Canada and Denmark have agreed on a process aimed at ending the dispute over Hans Island, Foreign Affairs Minister Pierre Pettigrew said Monday.
Pettigrew said officials from both sides will meet over the coming months to pore over old maps and documents with an eye to ending the fight over the rocky outcrop in the Arctic that both countries claim as their own.
"As friendly countries, of course, it is our shared objective that we resolve this issue -- that we put this issue behind us," Pettigrew said.
"We now have a process -- a process in which the officials will be working together, gathering all of the relative information and trying to find a way forward to do this."
However, he said that Canada is not willing to give up its sovereignty over the island, which is only as big as a few city blocks.
"It remains our firmly held position, of course, that Canadian sovereignty needs to be clear over Hans Island," Pettigrew said.
Pettigrew made the comments from New York, at the 60th anniversary summit of the United Nations.

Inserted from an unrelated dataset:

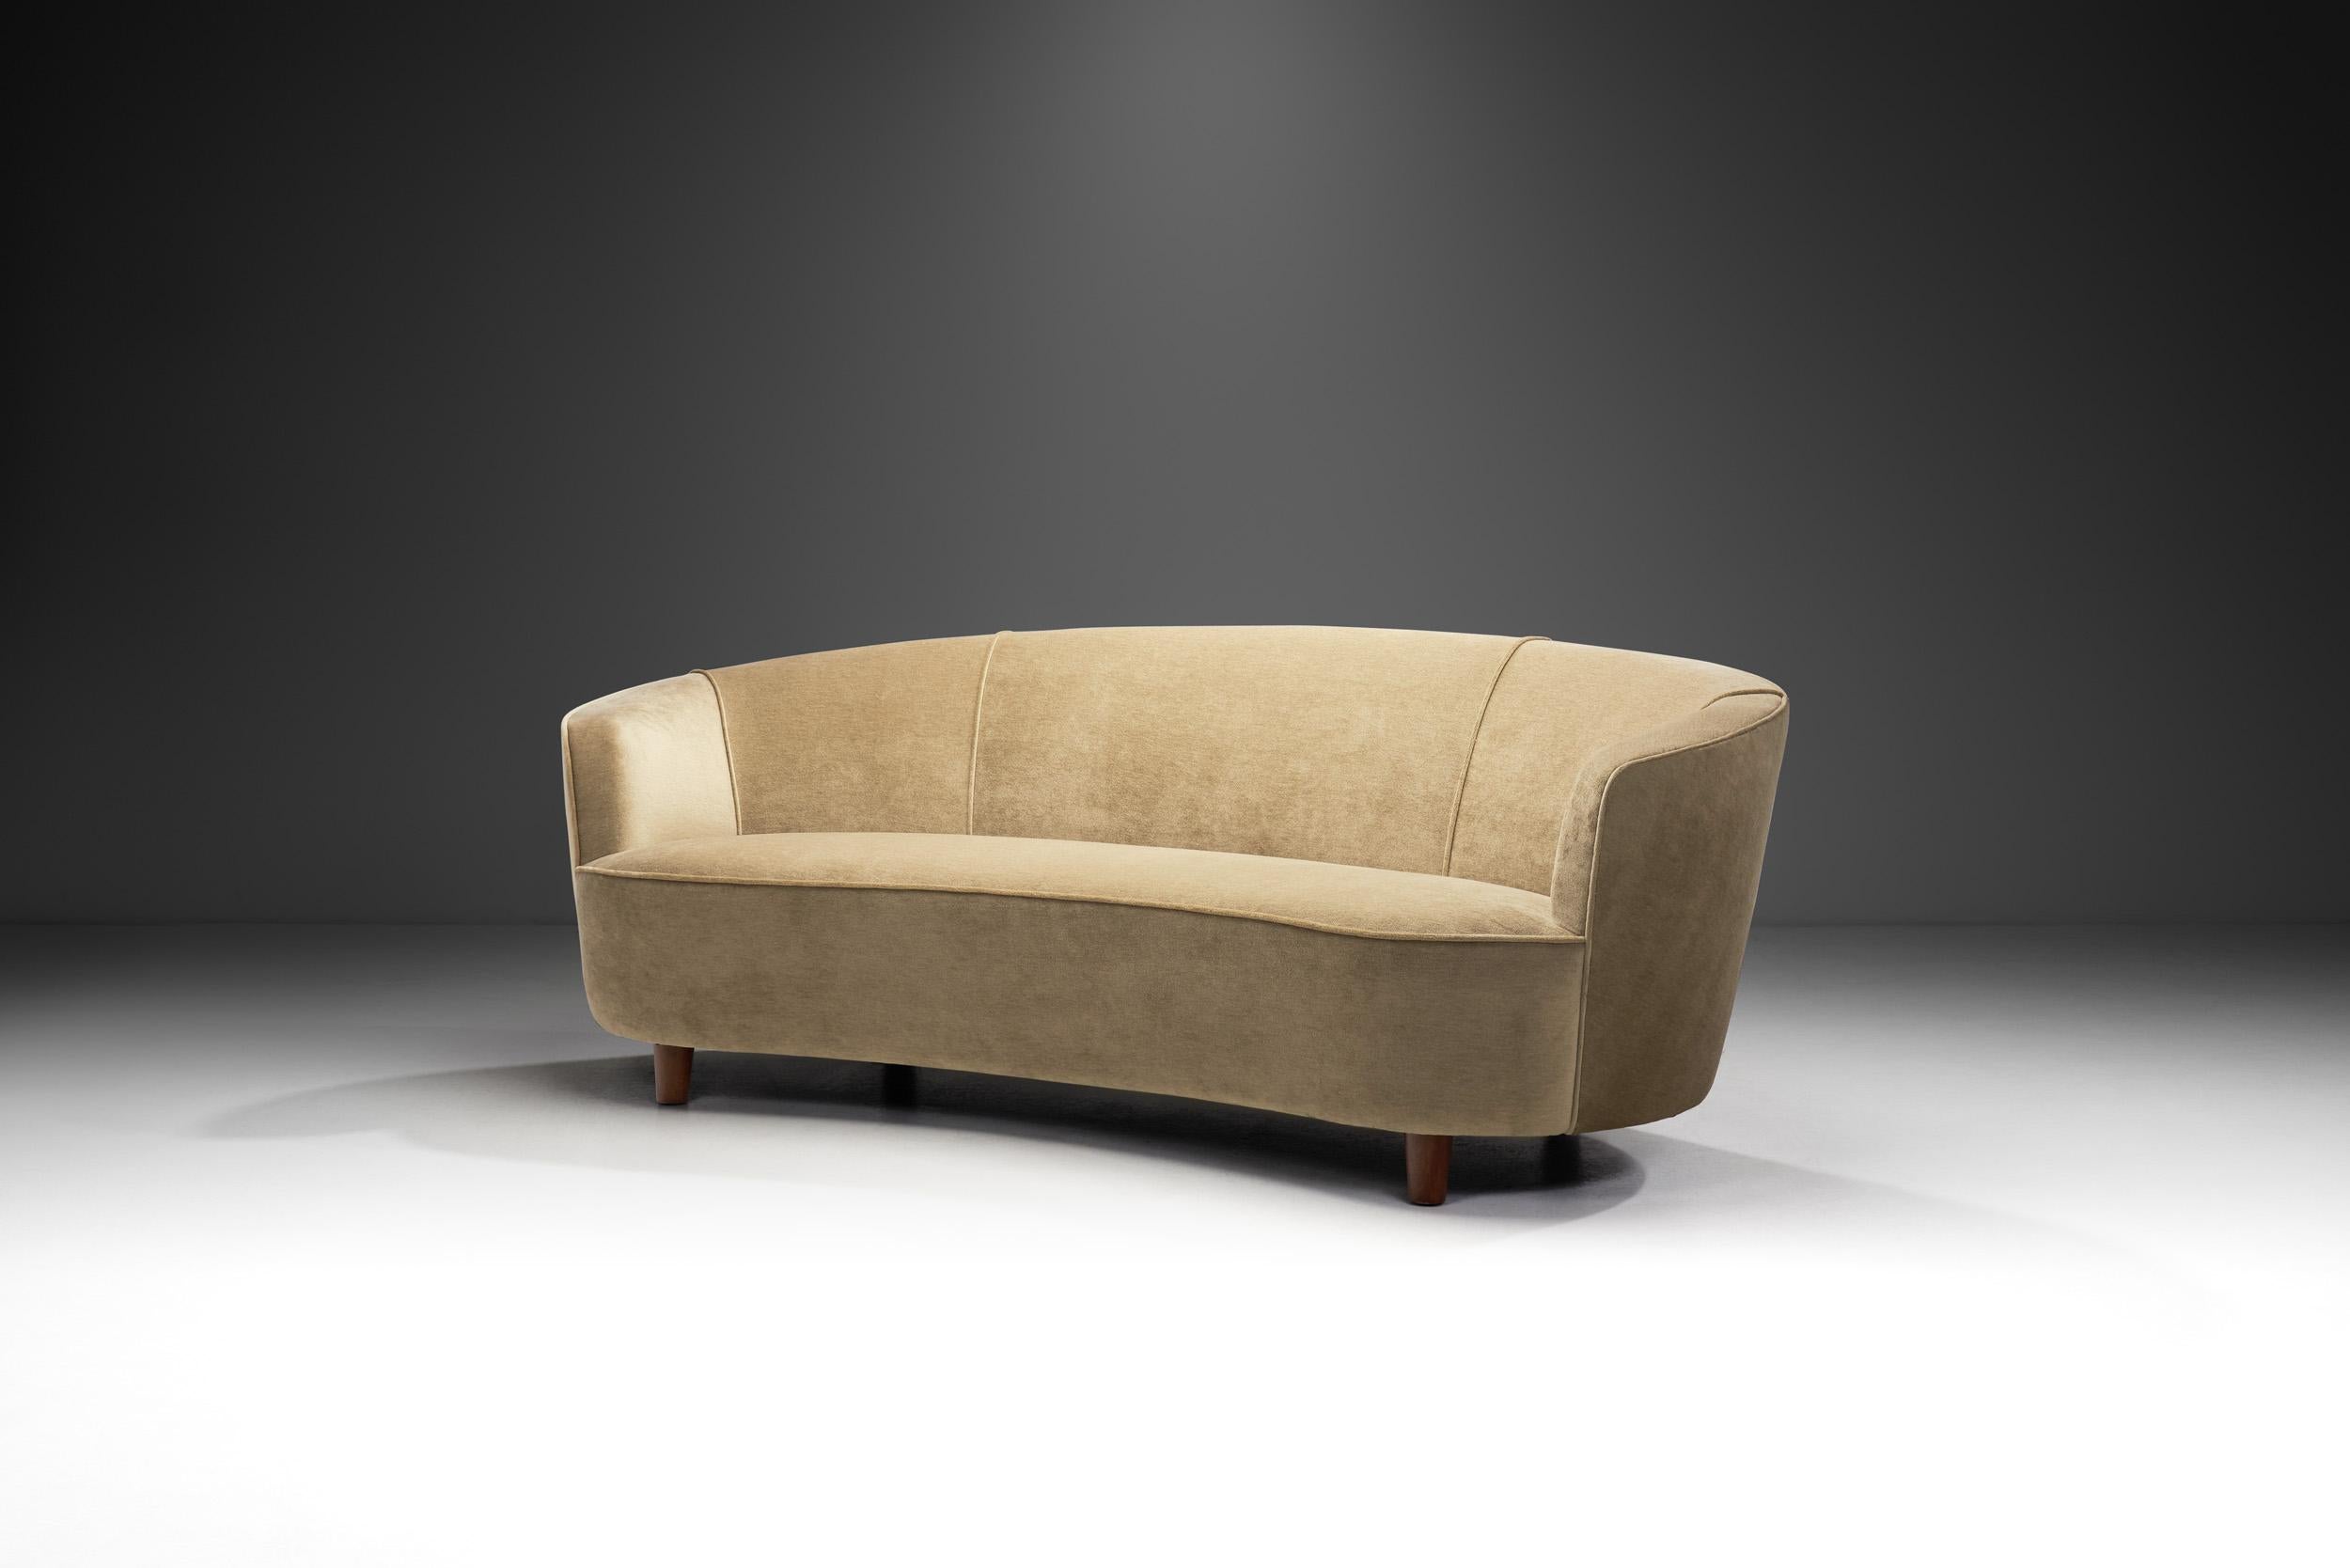 Dieses charmante Sofa wurde in der frühen Phase dessen entworfen, was wir heute als Mid-Century Modern bezeichnen. Es ist ein Beweis dafür, wie die traditionelle schwedische Handwerkskunst in die Moderne einfließt. Um ein modernes Möbelstück aus der
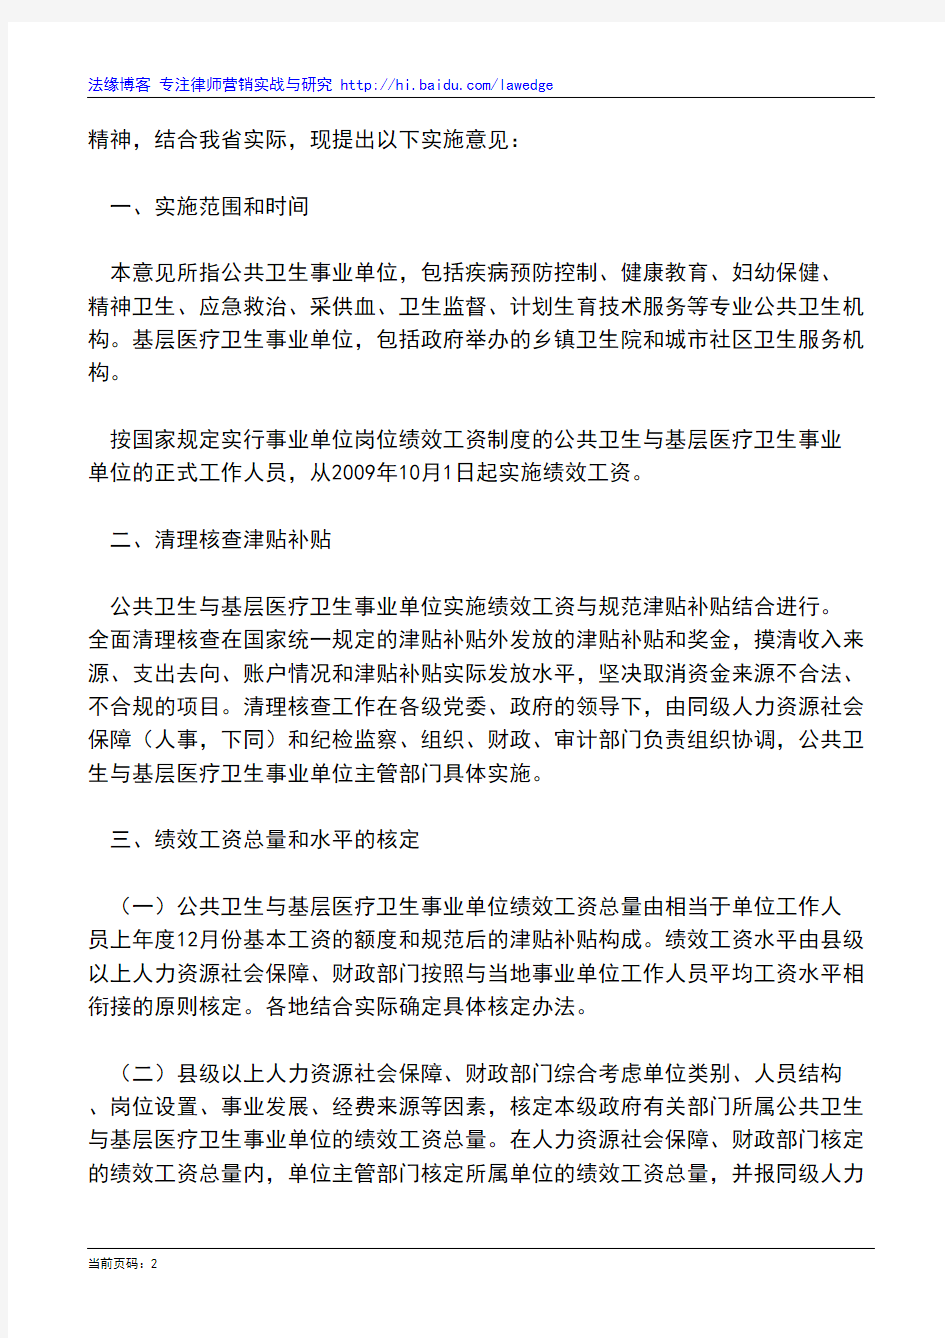 河南省人民政府办公厅转发河南省公共卫生与基层医疗卫生事业单位绩效工资实施意见的通知

He met with Danish Foreign Minister Per Stig Moller on the sidelines of the summit.
The island, which sits uninhabited between Canada's Ellesmere Island and Greenland, has been an irritant between the two countries for decades.
Pettigrew again insisted again today that the quarrel between the two countries is not about the surrounding waters, since boundaries were agreed upon in 1973.
However, there has been widespread speculation that claims to the island by both countries have to do in part with the effect that global warming could play in opening up the Northwest Passage, creating a major shipping route between Asia and Europe.
Melting ice could also make it easier to look for undersea resources, such as oil and gas.
Tensions over the island were sparked this summer, when Defence Minister Bill Graham made an unannounced stop to the island during a trip to the Arctic in July.
The Danish government denounced the move as an "occupation" and rushed to plant flags on the island. It later called off that plan.
However, previous flag plantings by the Danes have been the focus of protests by Canada in 1984, 1988 and 2004.
The Danes already control Greenland, and they say Hans Island is part of that ancestral territory. But Canada claims the island was discovered by the British and ceded to Canada.